Although migraines are most common in young adult life and tend to improve or stop completely after the age of 50 to 60, there are plenty of people in later life who are still troubled by them.
For women, migraine is often linked to monthly hormones and two-thirds of women report migraines improve after the menopause. But for some, the menopause makes migraines worse and could even trigger them. It’s not clear why this is and experts don’t really understand what causes migraines in the first place.
Some women find HRT helps, others find that it aggravates the problem. Occasionally migraines begin for the first time after the age of 60 but this is unusual and it’s important to rule out other causes for headache such as high blood pressure, more common with age, and possibly tumours.
Even if migraines continue, the nature of the headache and associated symptoms often change with time. In migraine with auras, people typically experience odd sensory symptoms 10-30 minutes before the headache such as flashing lights, numbness, tingling sensations, or a disturbed sense of smell, taste or touch. As you get older you may find you still get auras but not the headaches.
In other types of migraine, the pain may become less severe, accompanying symptoms such as nausea and vomiting fade away, or attacks become less frequent. The things that trigger your migraines may also change, so it is worth keeping a migraine diary if you haven’t done one for a few years.
When you talk to your GP about migraines, discuss other health problems you might have which could contribute to your headaches.
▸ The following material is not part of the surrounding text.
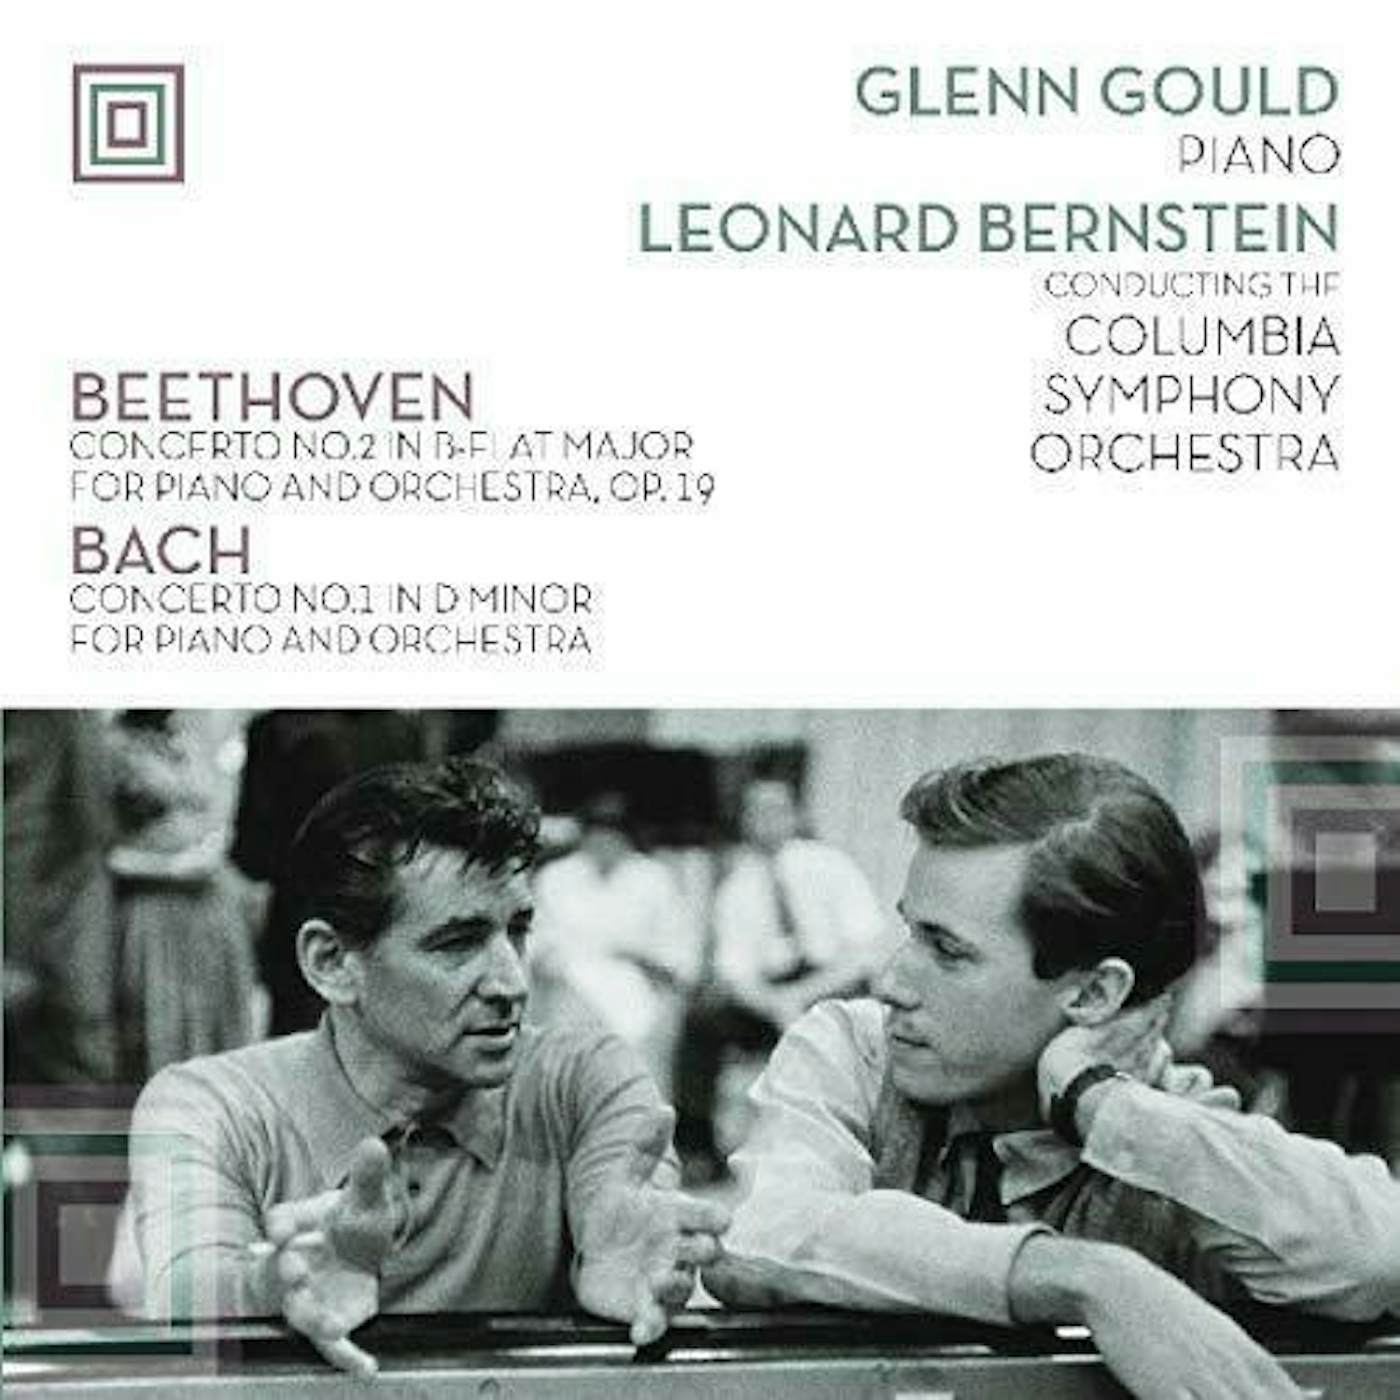 Glenn Gould PLAYS BEETHOVEN CONCERTO NO. 2 & BACH CONCERTO NO. 1 (180G) Vinyl Record

High blood pressure, diabetes and cardiovascular disease can all have implications for managing migraines, and controlling these conditions could help to lessen them. Migraines can add to problems such as depression and anxiety, so headache management can help to control these issues.
Make sure your medication is carefully reviewed because some drugs, such as those for heart disease and high blood pressure, could aggravate headaches. Many headache medicines have been less well tested in older people, so be alert for side effects. Non-steroidal anti-inflammatory painkillers (NSAIDs such as ibuprofen or aspirin) carry a high risk of gastric irritation and bleeding and should be used carefully. Another class of drugs often used in migraine, triptans, constrict blood vessels and may potentially be a risk in people with coronary artery disease so should be used cautiously.
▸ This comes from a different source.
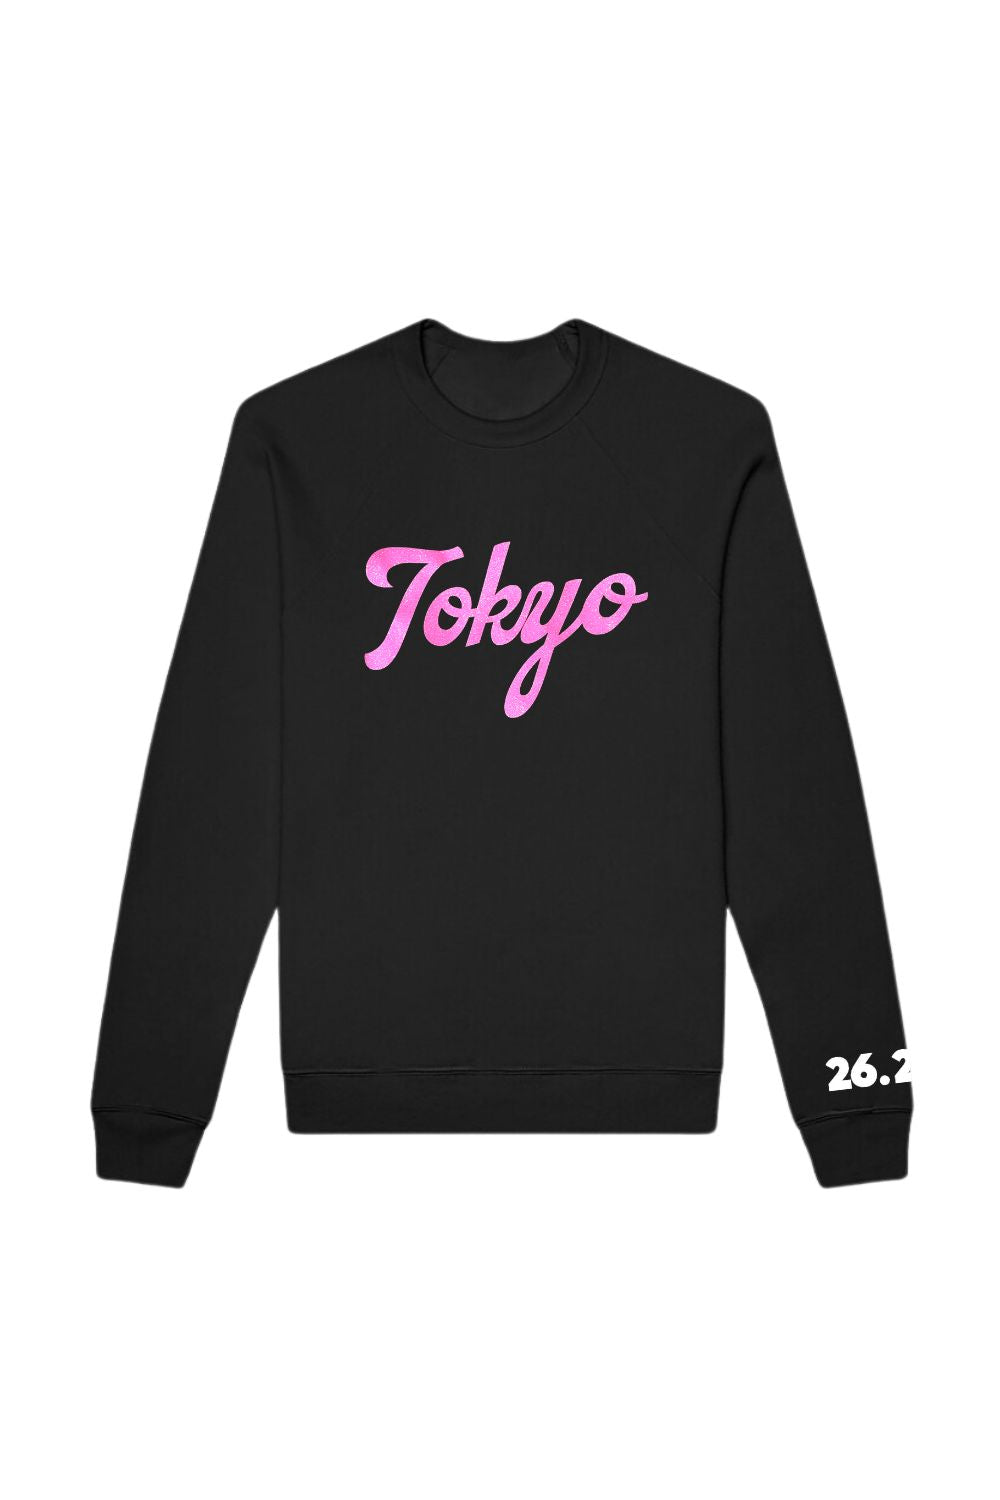 Tokyo Sweatshirt

Q I’ve heard virgin coconut oil can ease dementia symptoms – is this true?
Dr Trisha says: There is no credible scientific evidence that coconut oil can help dementia. It’s been suggested as a treatment because it provides an alternative source of energy to your brain cells instead of the usual energy source, glucose. In Alzheimer’s disease parts of your brain may no longer use glucose effectively. Coconut oil contains a type of fat that is broken down into chemicals called ketones, which cells can use as fuel instead.
There have only been a couple of very small trials and these are not enough to provide scientific proof. It’s also important to remember that dementia symptoms usually begin to appear many years after damage first develops in the brain, so coconut oil would have to be taken many years before symptoms to prevent the disease.